Although I like technology a watch is as much about fashion as it is about
knowing the time, and on that basis the classy mechanical watches are never
going to look out of place.

(People compliment me on my watch at least once every month or two, although
my wife teases me at about the same frequency; "Only old people wear watches
..")

------
anigbrowl
Nope, although I'm sure they'll have many takers, the prices are high but not
outrageous. Except for the $10,000 gold one - I don't see them selling many of
those and think that will backfire badly on them, and will become a symbol of
excess rather than class. They should have just alluded to its existence and
said 'price available on request.'

------
swalsh
No, i'm a freelance international spy, and i'm worried this will blow my
cover. I need something more subtle.

------
BorisMelnik
no, I am in front of a computer all day, and already use my phone way too
much. I got rid of my tablet because "do I really need it?"
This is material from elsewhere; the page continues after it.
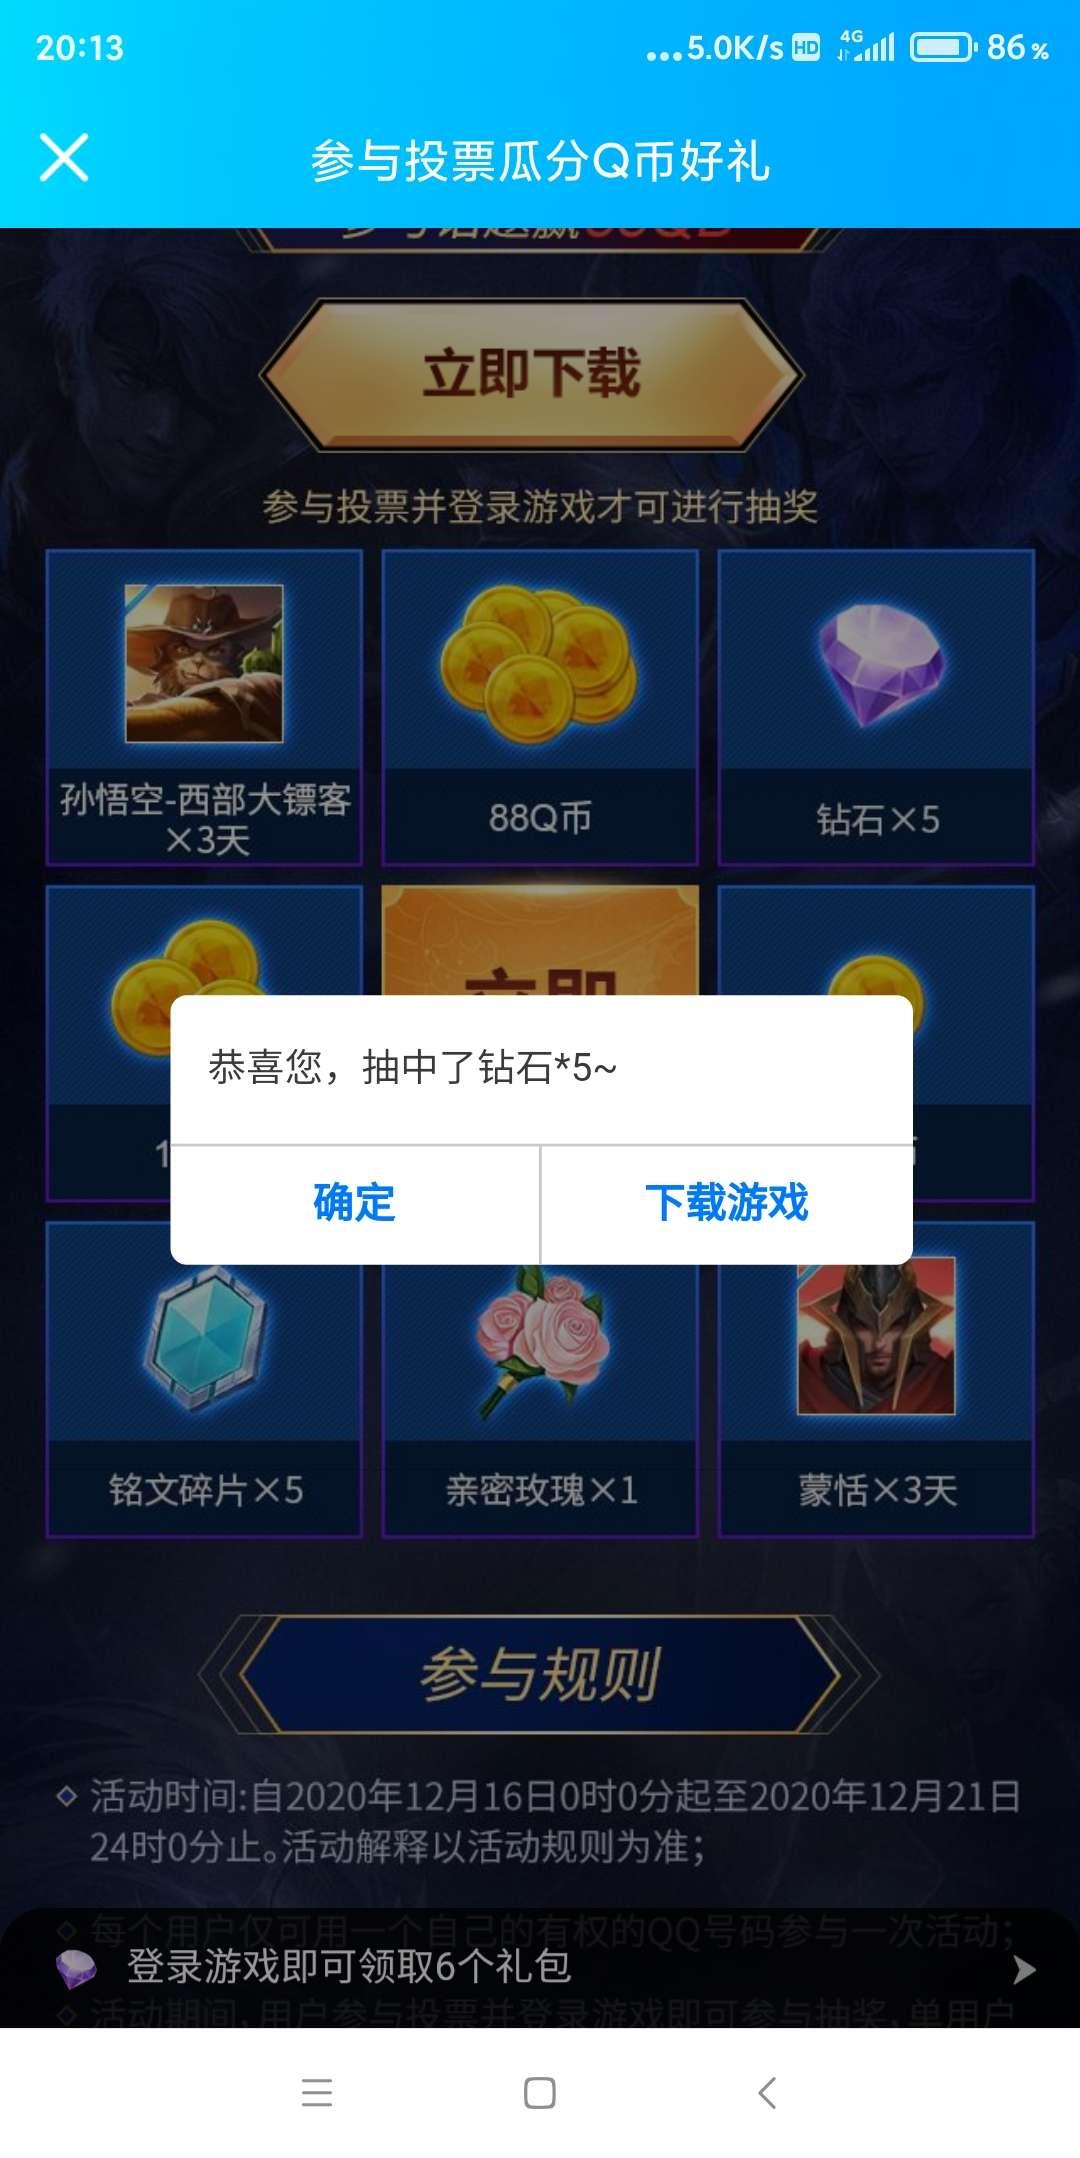 图片[2]-王者荣耀抽2-88Q币-老友薅羊毛活动线报网

being more connected for me is not a positive, I'm not looking to turn into a
robot, I'm trying to humanize myself a bit more. more or less the same reasons
I won't get Google Glass.

------
Someone1234
No.

My reasoning is:

\- This is not the best smartwatch around. If I was going to buy a smart watch
I'd buy the Moto 360. That thing actually looks like a regular watch, Apple's
attempt is fugly, and looks like what everyone else was making a year ago. It
might actually look worse than Samsung's attempts, and that is saying
something... LG and Motorola are ahead.

\- It is expensive, starting at $350, the Moto 360 is $250 (both plastic
straps). Most other manufacturer's are cheaper than Apple's Watch too.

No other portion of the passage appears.